Exercise requirements: In the records that follow, find the line containing "超えて生産的贅沢3droseブロンドDesigns Obsessed with" and the line containing "ベッドを作る有名アパル【常滑焼】山房 石風角形茶香炉 石風角形", then transcribe both and every line between them exactly, omitting pictures.

Records:

━━━━━━━━━━━━━━━━━━━━━━━━━━━━━━

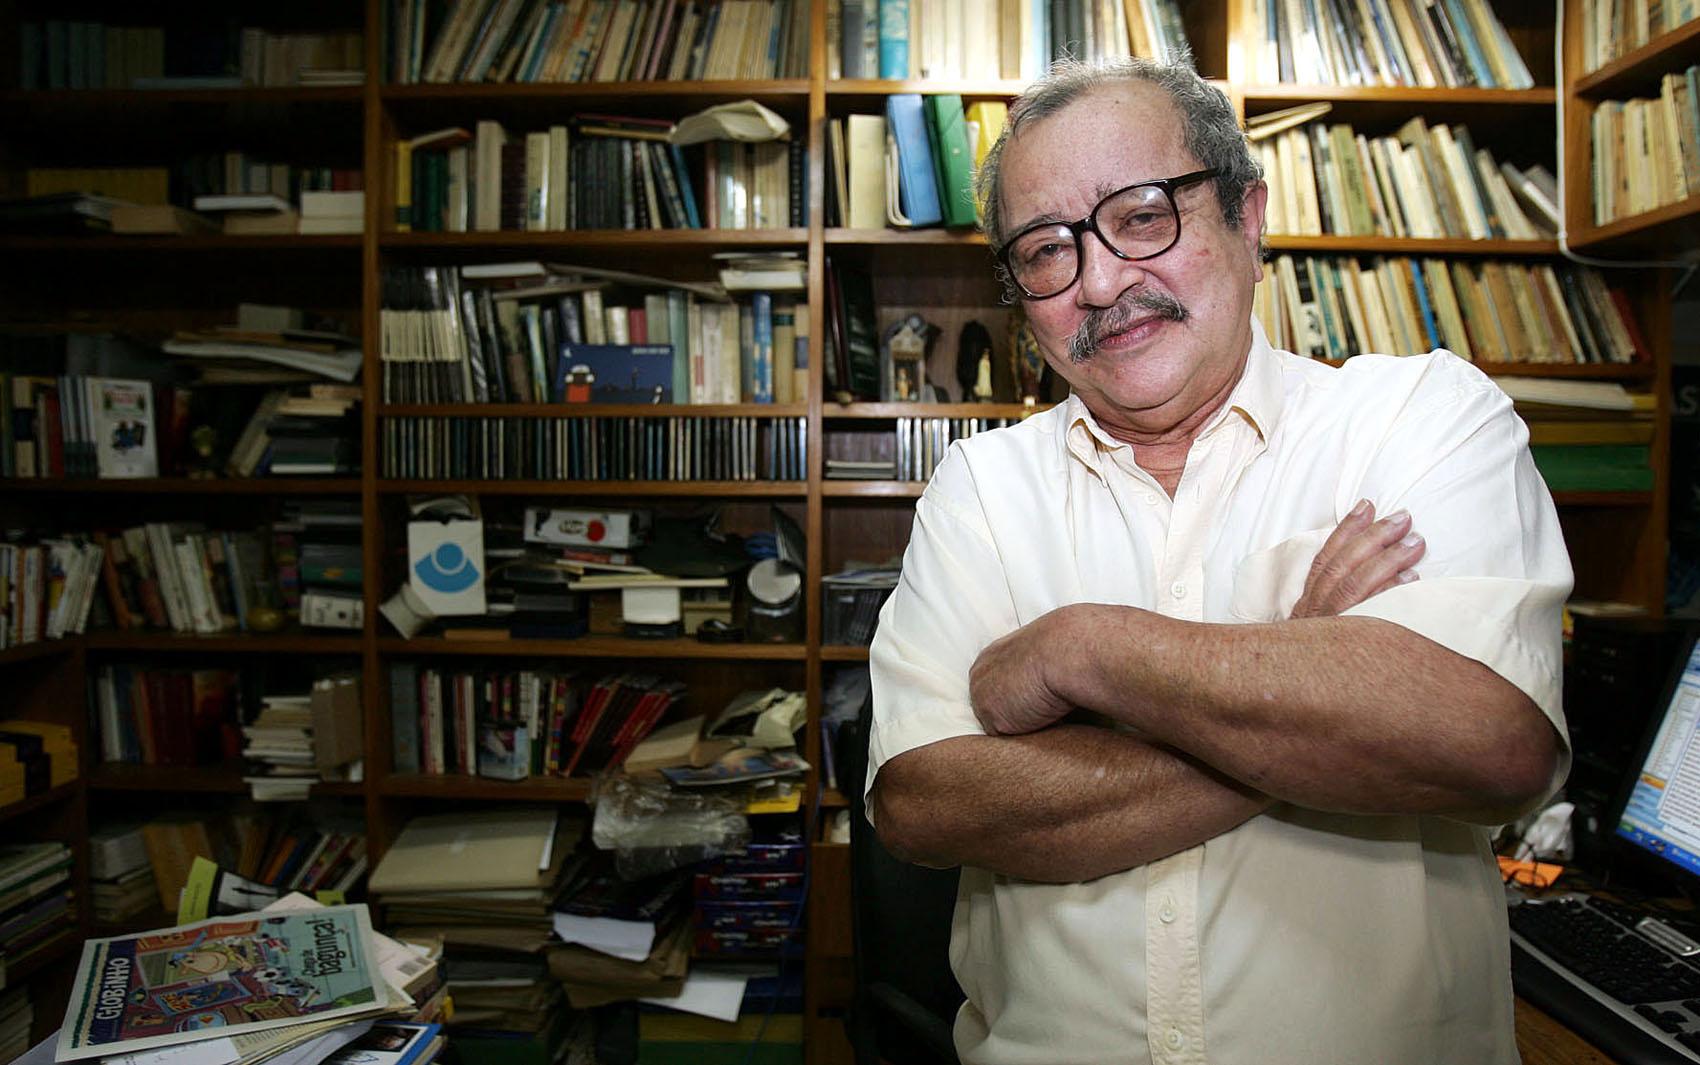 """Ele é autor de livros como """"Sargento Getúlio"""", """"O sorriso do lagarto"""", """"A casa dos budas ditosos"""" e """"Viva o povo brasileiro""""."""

━━━━━━━━━━━━━━━━━━━━━━━━━━━━━━

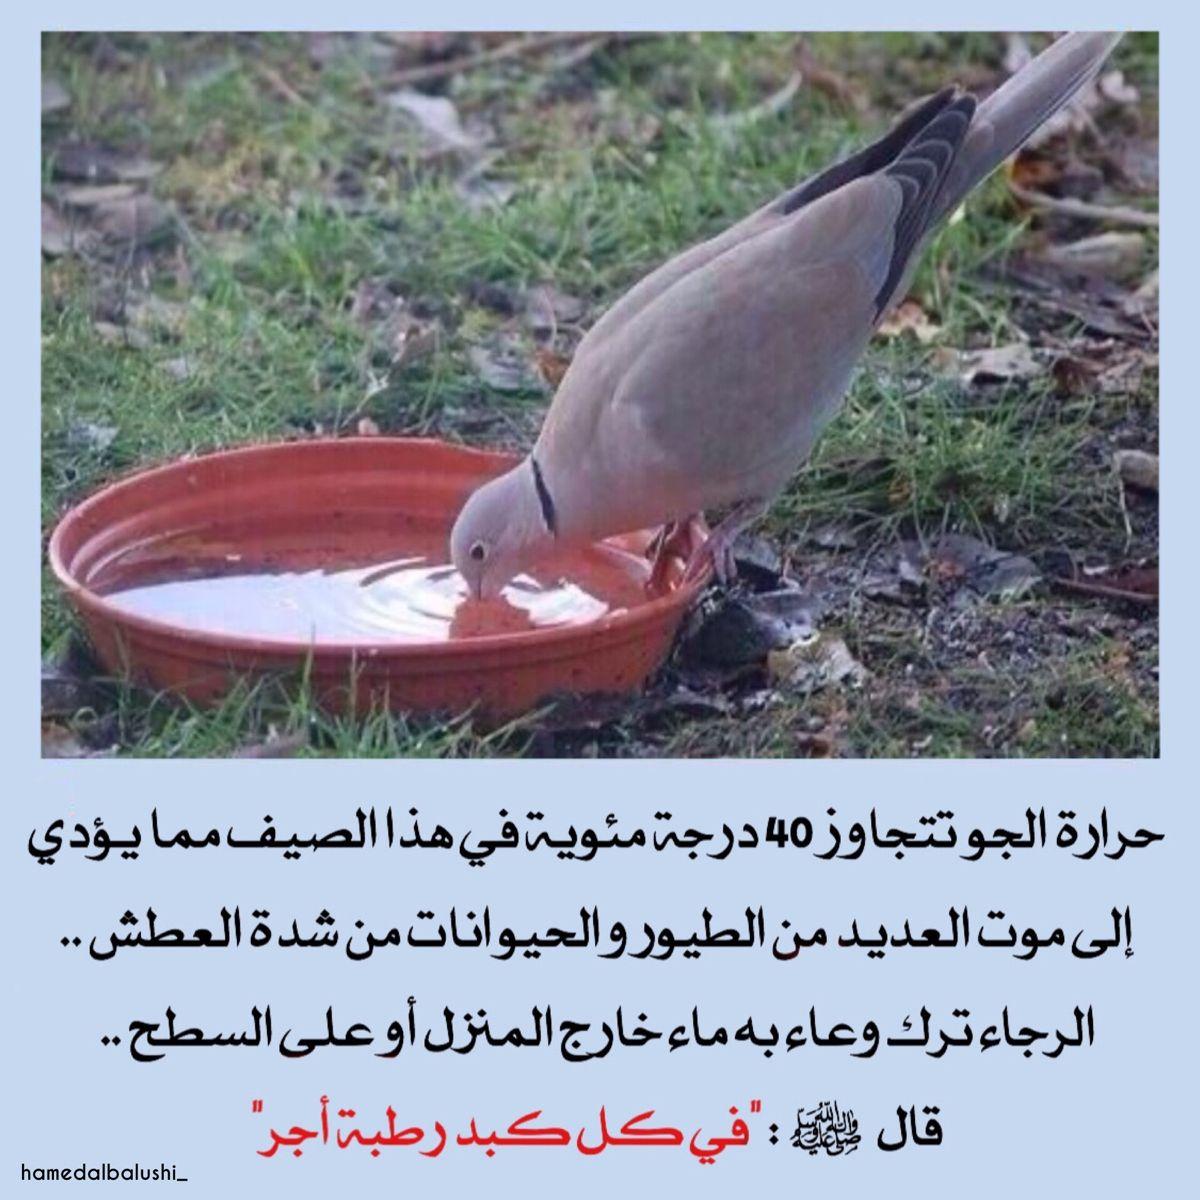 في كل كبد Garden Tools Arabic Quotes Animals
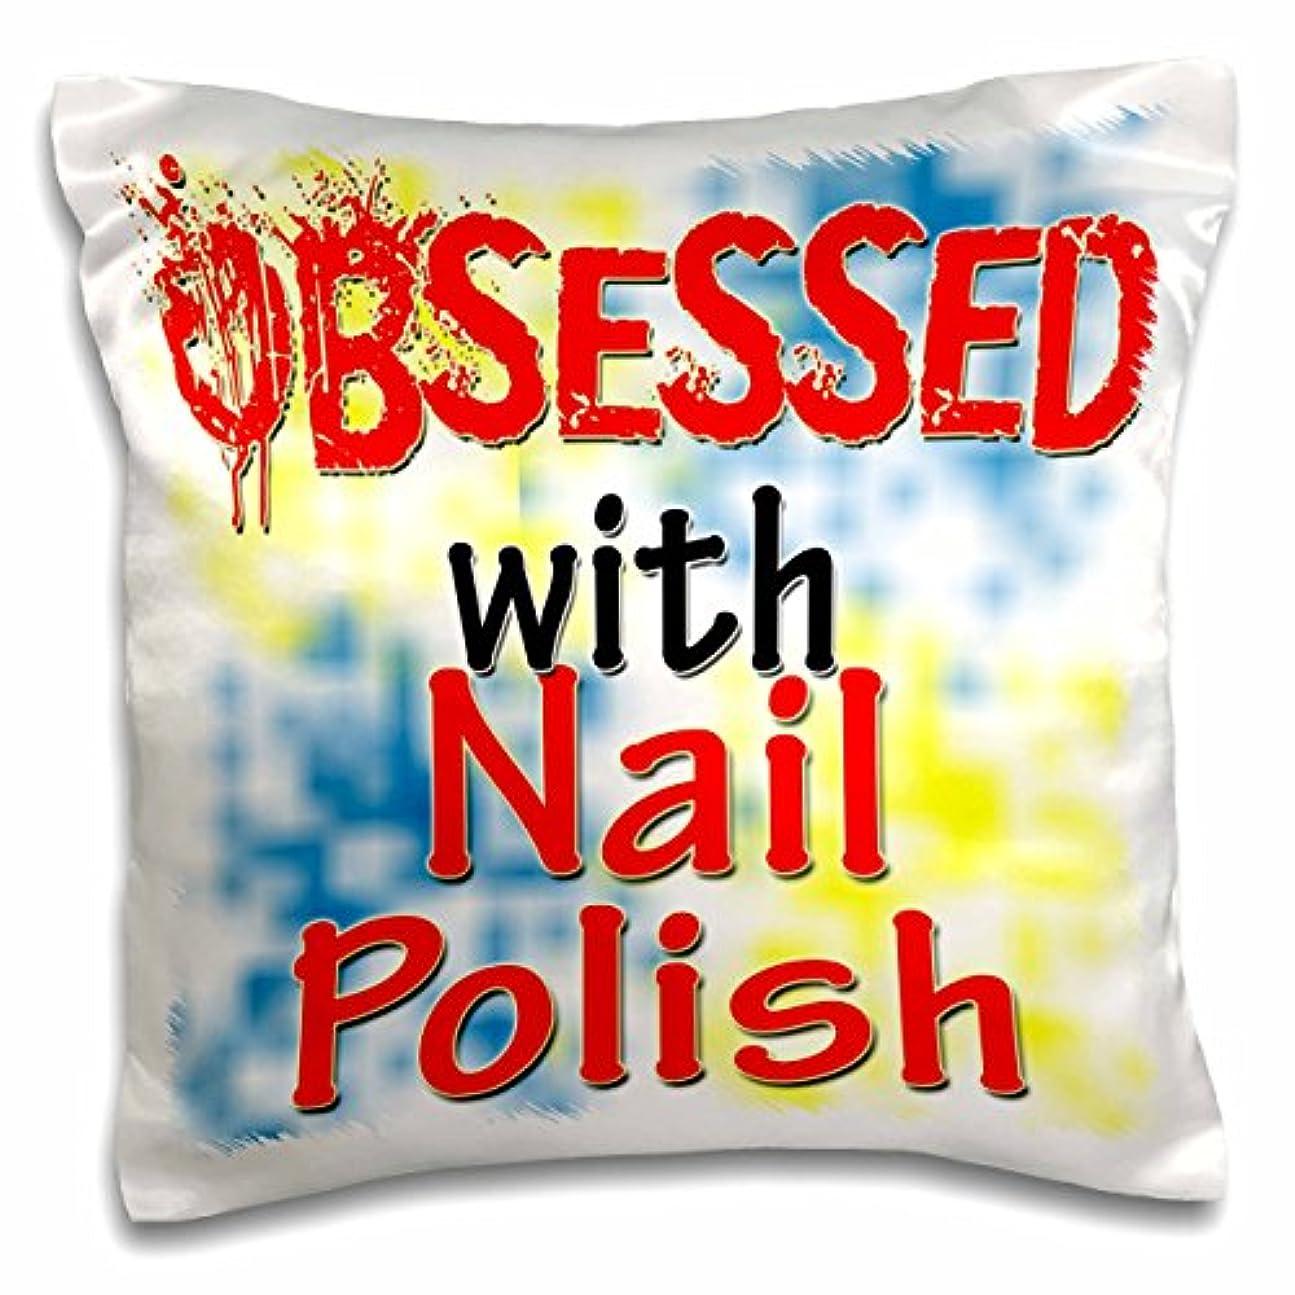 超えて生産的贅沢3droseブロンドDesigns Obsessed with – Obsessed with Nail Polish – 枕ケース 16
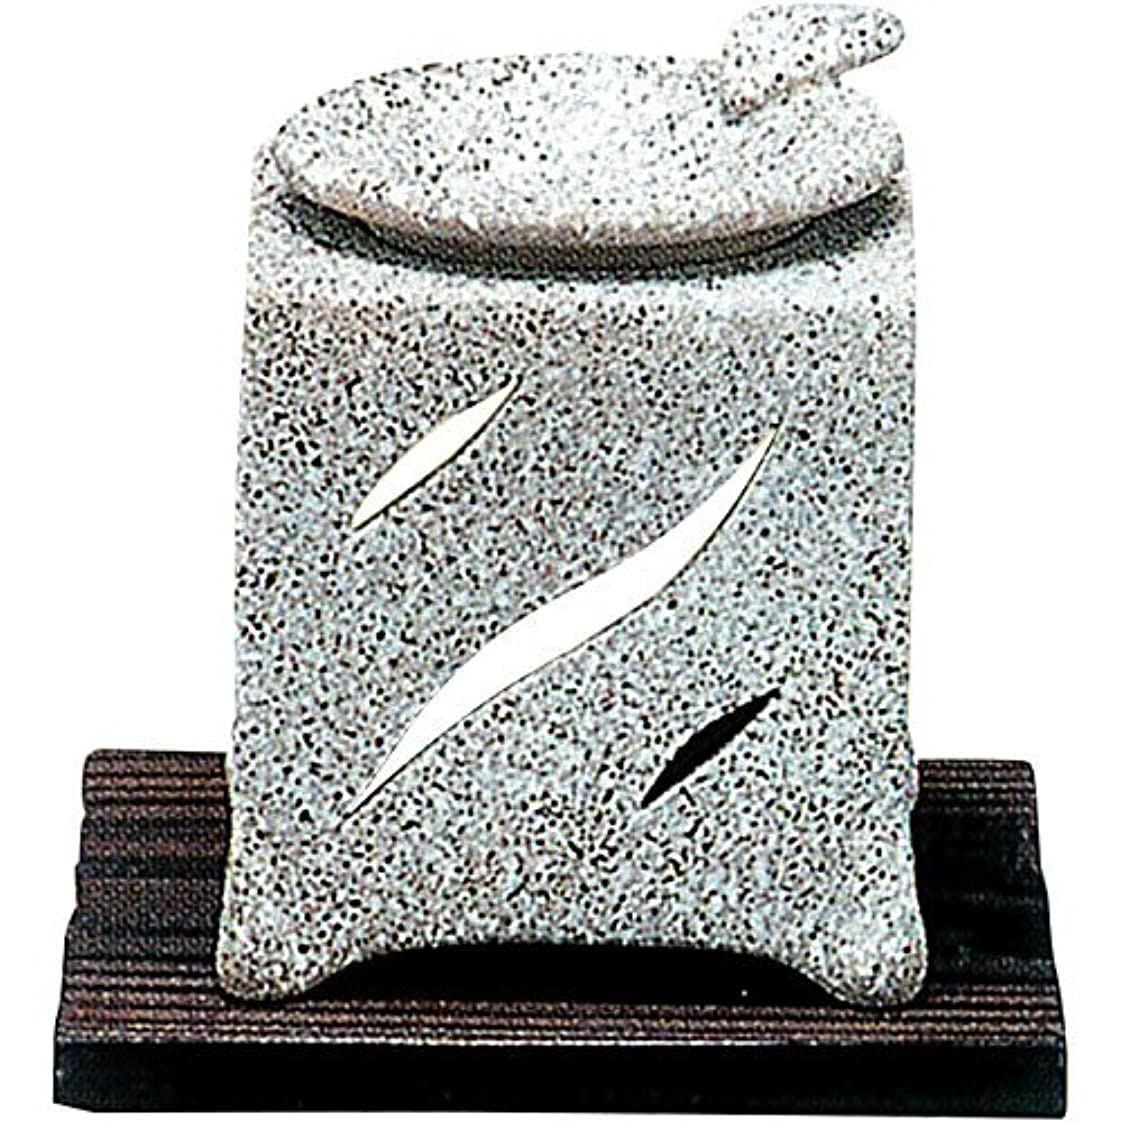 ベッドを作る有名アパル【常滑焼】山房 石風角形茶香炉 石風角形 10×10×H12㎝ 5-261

━━━━━━━━━━━━━━━━━━━━━━━━━━━━━━

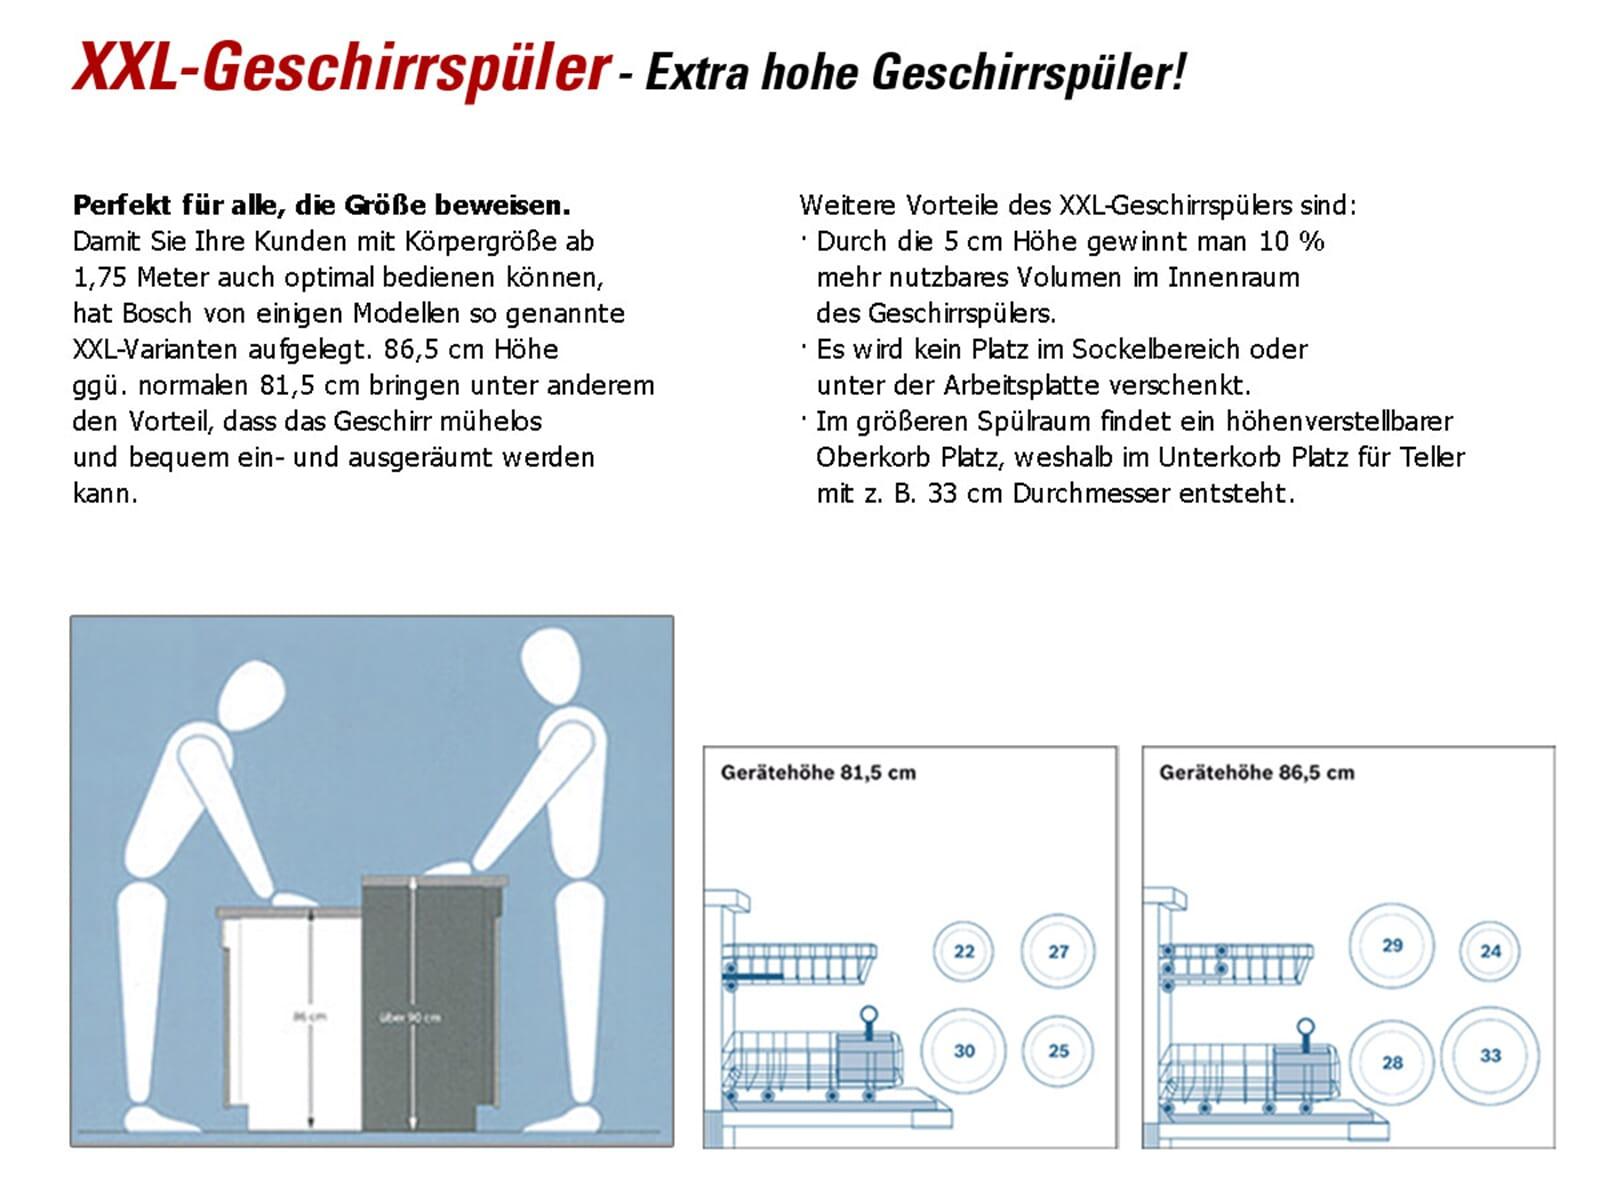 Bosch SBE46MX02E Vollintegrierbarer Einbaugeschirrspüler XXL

━━━━━━━━━━━━━━━━━━━━━━━━━━━━━━

Response to this task:
 超えて生産的贅沢3droseブロンドDesigns Obsessed with – Obsessed with Nail Polish – 枕ケース 16
 ベッドを作る有名アパル【常滑焼】山房 石風角形茶香炉 石風角形 10×10×H12㎝ 5-261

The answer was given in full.